For production LLM work in 2025, BPE via tiktoken or the HuggingFace tokenizers library is the dominant choice. Unigram remains relevant for multilingual NLP tasks where subword regularization matters, and for any workflow that uses T5-family models as components. For DealLens, the relevant question is: what tokenizer does the base model you are fine-tuning use? The answer determines your chunking strategy, context budget calculation, and how you handle non-English deal memo passages.

The tokenizer is not the model

The tokenizer is fixed at training time and cannot be changed at fine-tuning time without retraining the embedding table.
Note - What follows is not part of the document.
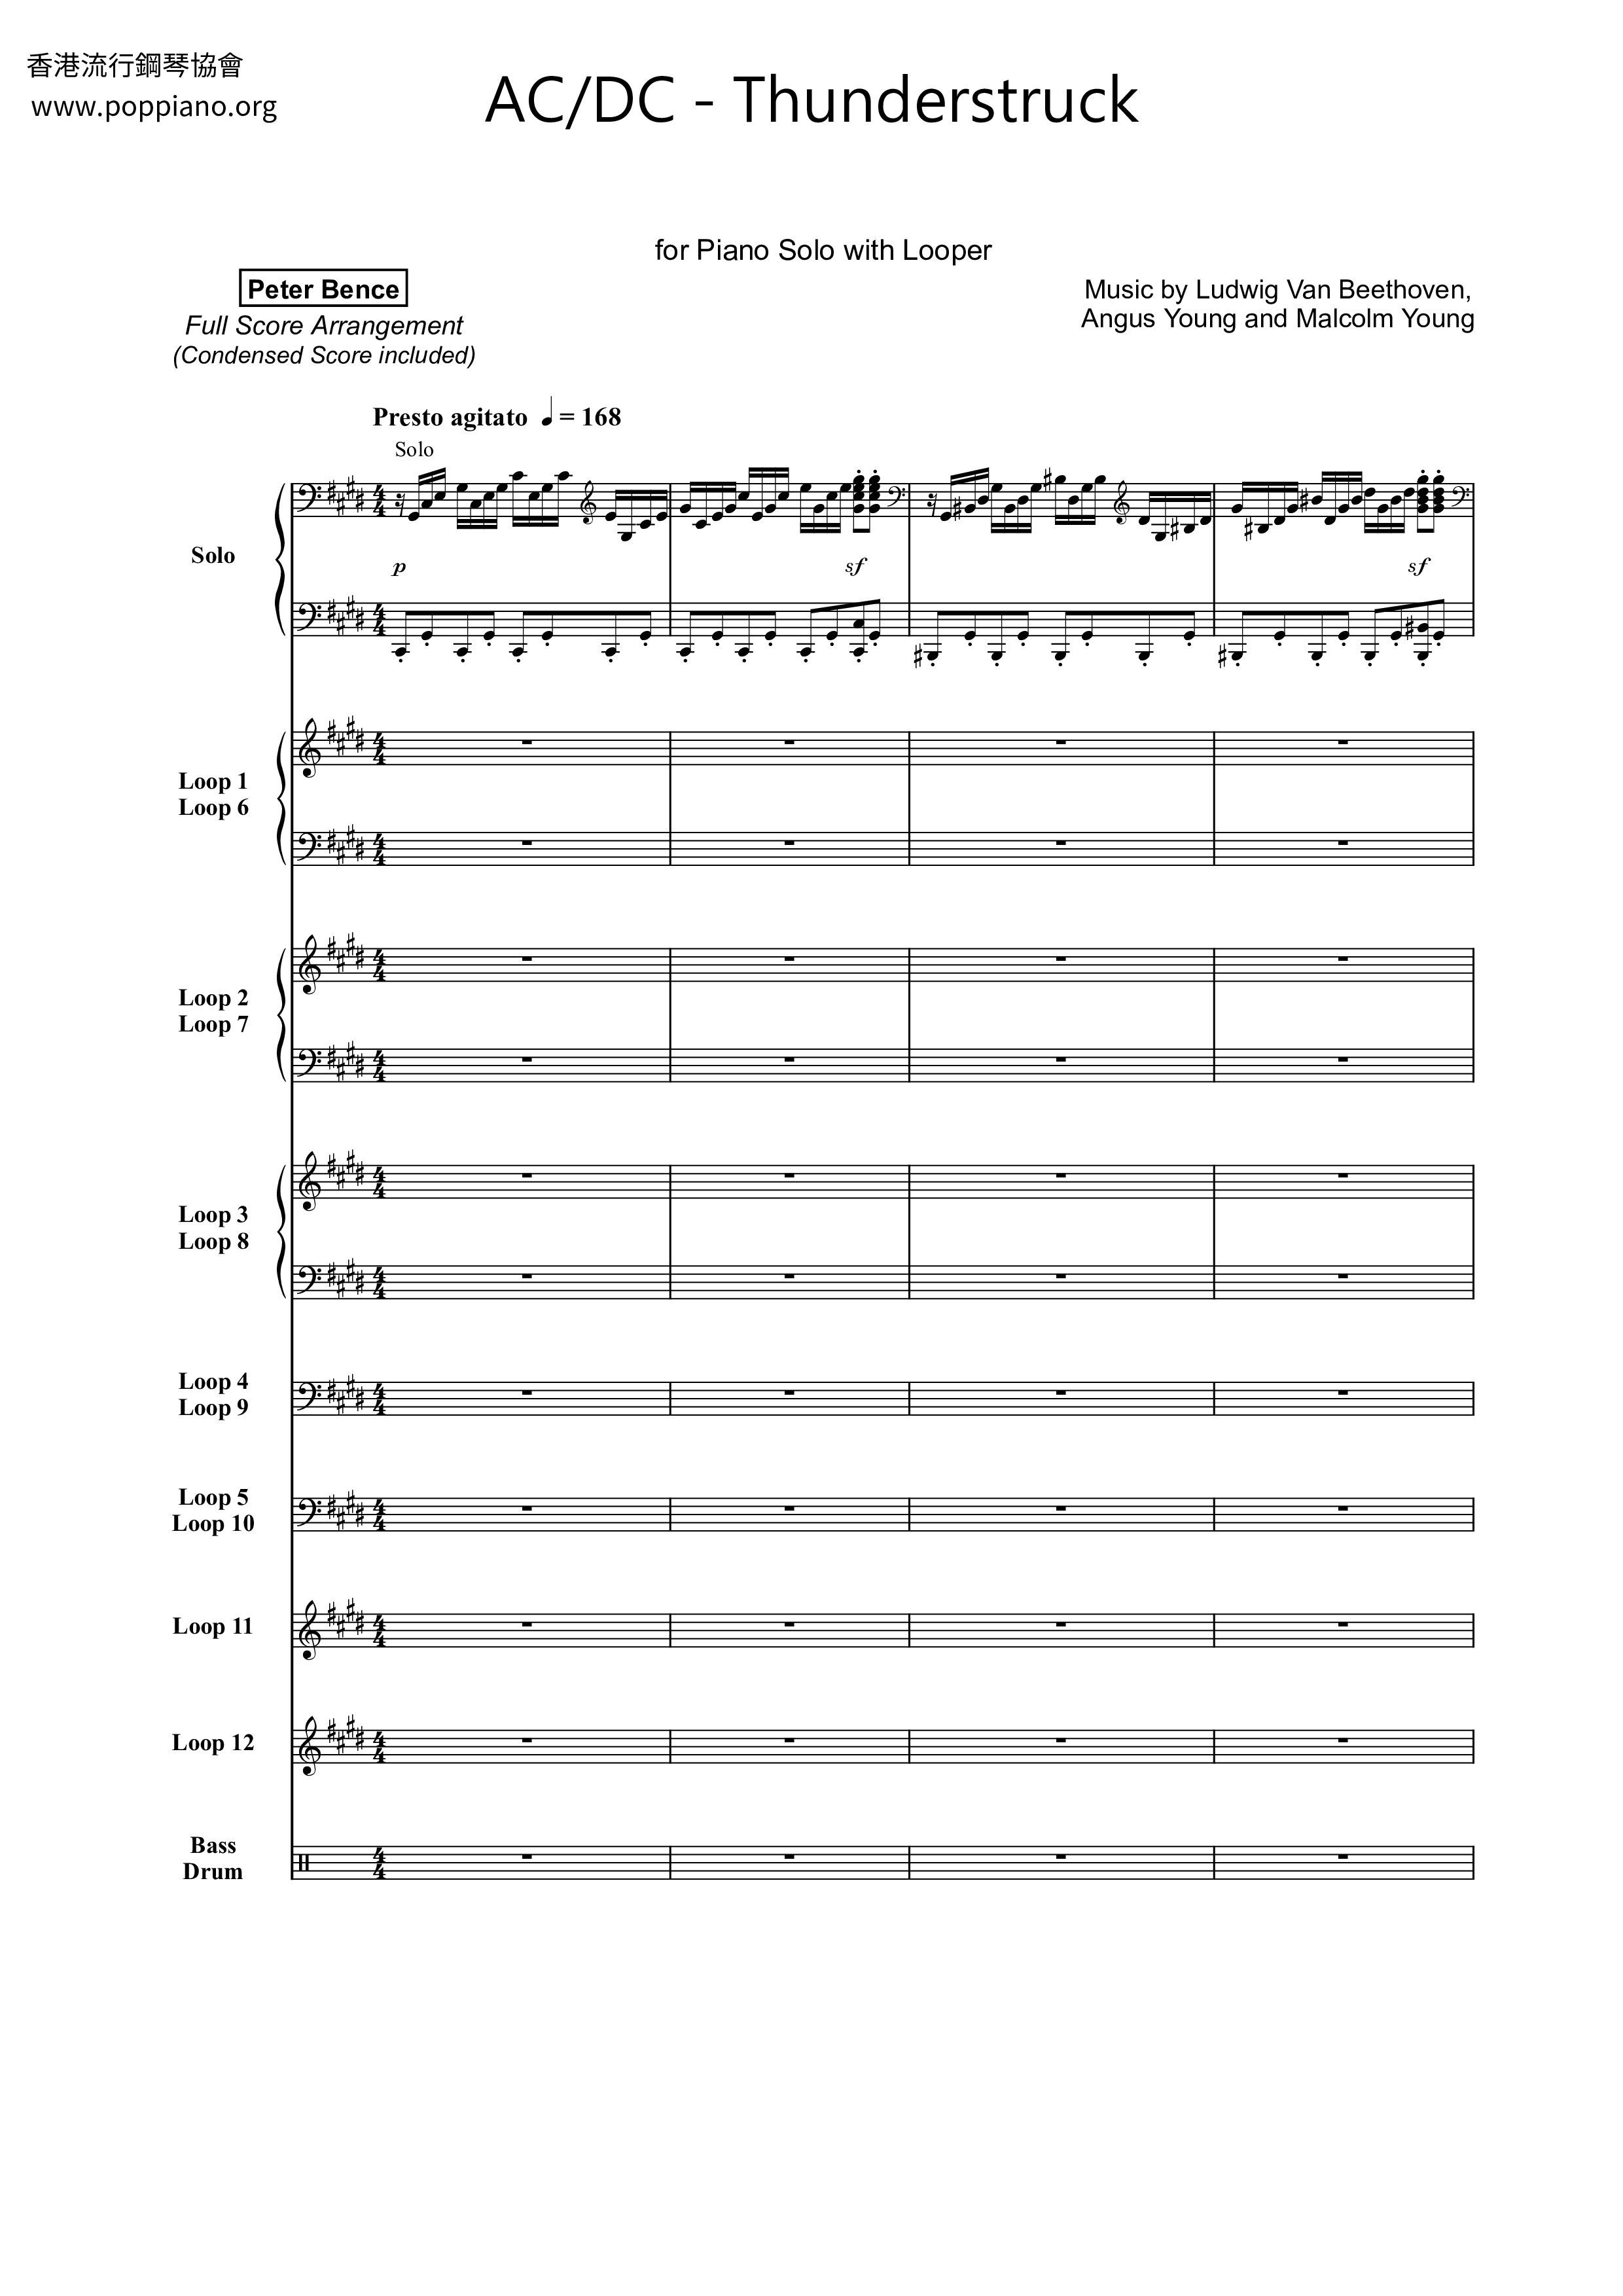 ☆ AC/DC-Thunderstruck Sheet Music pdf, - Score Download ☆

If the base model's tokenizer handles your domain poorly (e.g., financial abbreviations, chemical names, Chinese text), the fix is either training from scratch or accepting the overhead of embedding surgery.

Figure 6.1BPE merge process (left) and vocabulary trade-offs across major tokenizers (right). Tokenizer choice is a training-time decision with irreversible downstream effects on multilingual quality, arithmetic accuracy, and context efficiency.

Retrieve before you continue

Three questions on what you just read

Q1 Factual Why does byte-level BPE guarantee zero UNK tokens, and what is the trade-off?

Q2 Conceptual Why does individual-digit tokenization (Llama 3 style) improve arithmetic accuracy compared to merged-digit tokenization (GPT-2 style)?

Q3 Synthetic For DealLens processing 10-page Chinese VC memos alongside English memos, which tokenizer would minimize token count and why?